30/3/1918 Moreuil Wood: Canadian cavalry stops the German advance #1918Live

Ludendorff has belatedly fixated on Amiens as a target for his spring offensive. If this railway hub falls then the Allies will not be able to sustain themselves in the Somme sector, which could lead to a general collapse. However German stormtrooper numbers have been depleted by the heavy fighting since the start of the battle, while the survivors are increasingly exhausted. Desperate resistance by the British and their French and Commonwealth allies is slowing the German advance to a crawl.

The village of Villers-Bretonneux commands the approaches to Amiens. If the Germans take here they will be able to shell Amiens. But for now they are unable to dislodge the Allies.
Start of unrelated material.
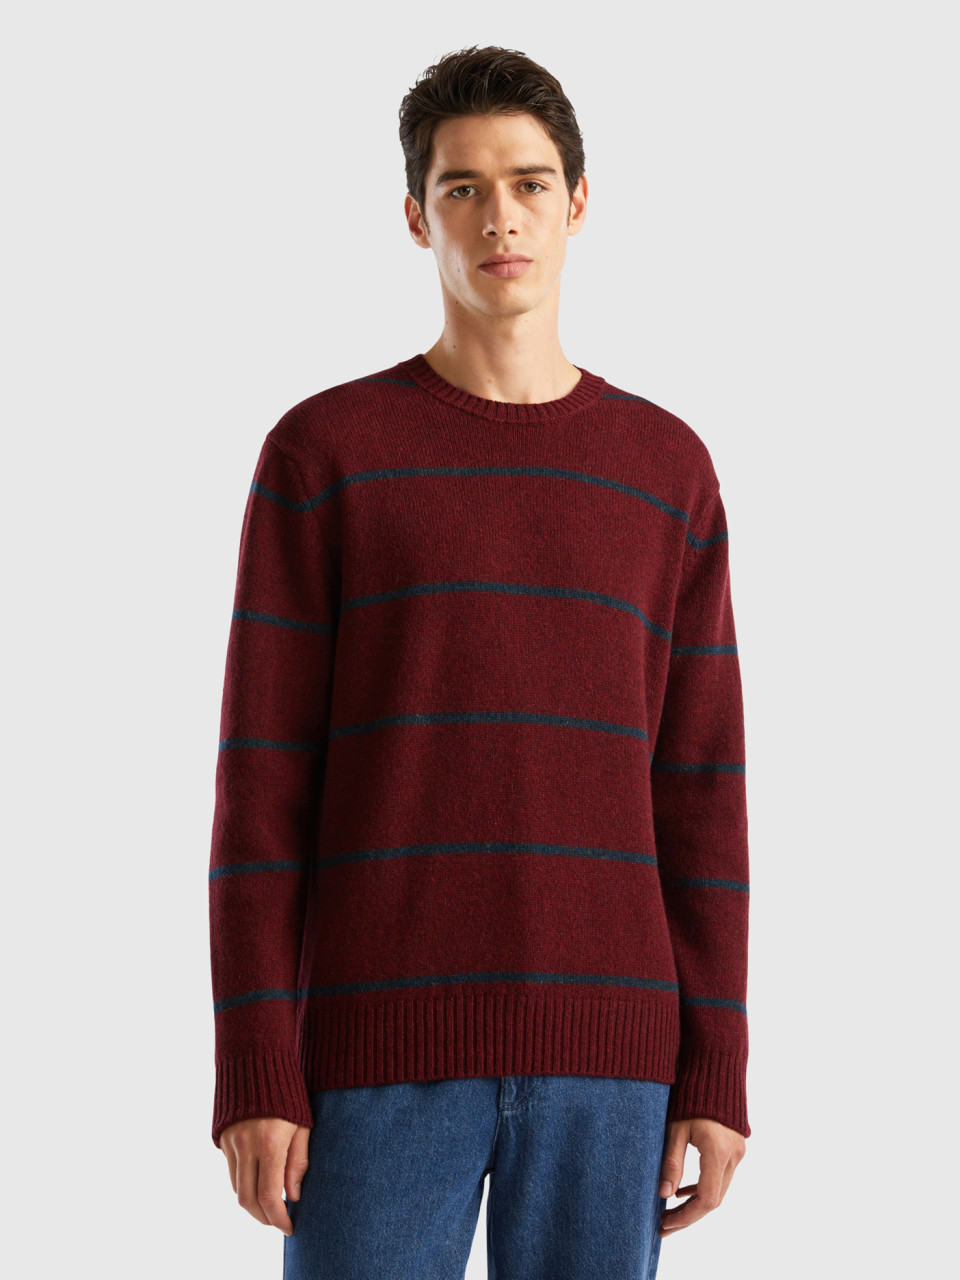 Benetton, Sweater In Pure Shetland Wool, Burgundy, Men

Meanwhile at the Moreuil Woods a bizarre episode takes place. German troops have occupied the woods, overlooking the Amiens-Paris railway, but now Canadian cavalry units are ordered forward against them. Machine guns and barbed wire have rendered cavalry obsolete on the Western Front, but somehow in confused fighting the Canadians push back the the Germans, breaking the momentum of their attack in this sector. At the end of the charge the scene in woods is horrific, a landscape of dead and broken men and horses.

Ludendorff licks his wounds. His offensive on the Somme appears to have failed to break the Allies, though he will renew his efforts to take Amiens after a short pause. But for Ludendorff the Somme battle is only a phase of his spring offensive. His attentions now turn to Flanders, where he hopes that another round of assaults will drive the British into the sea.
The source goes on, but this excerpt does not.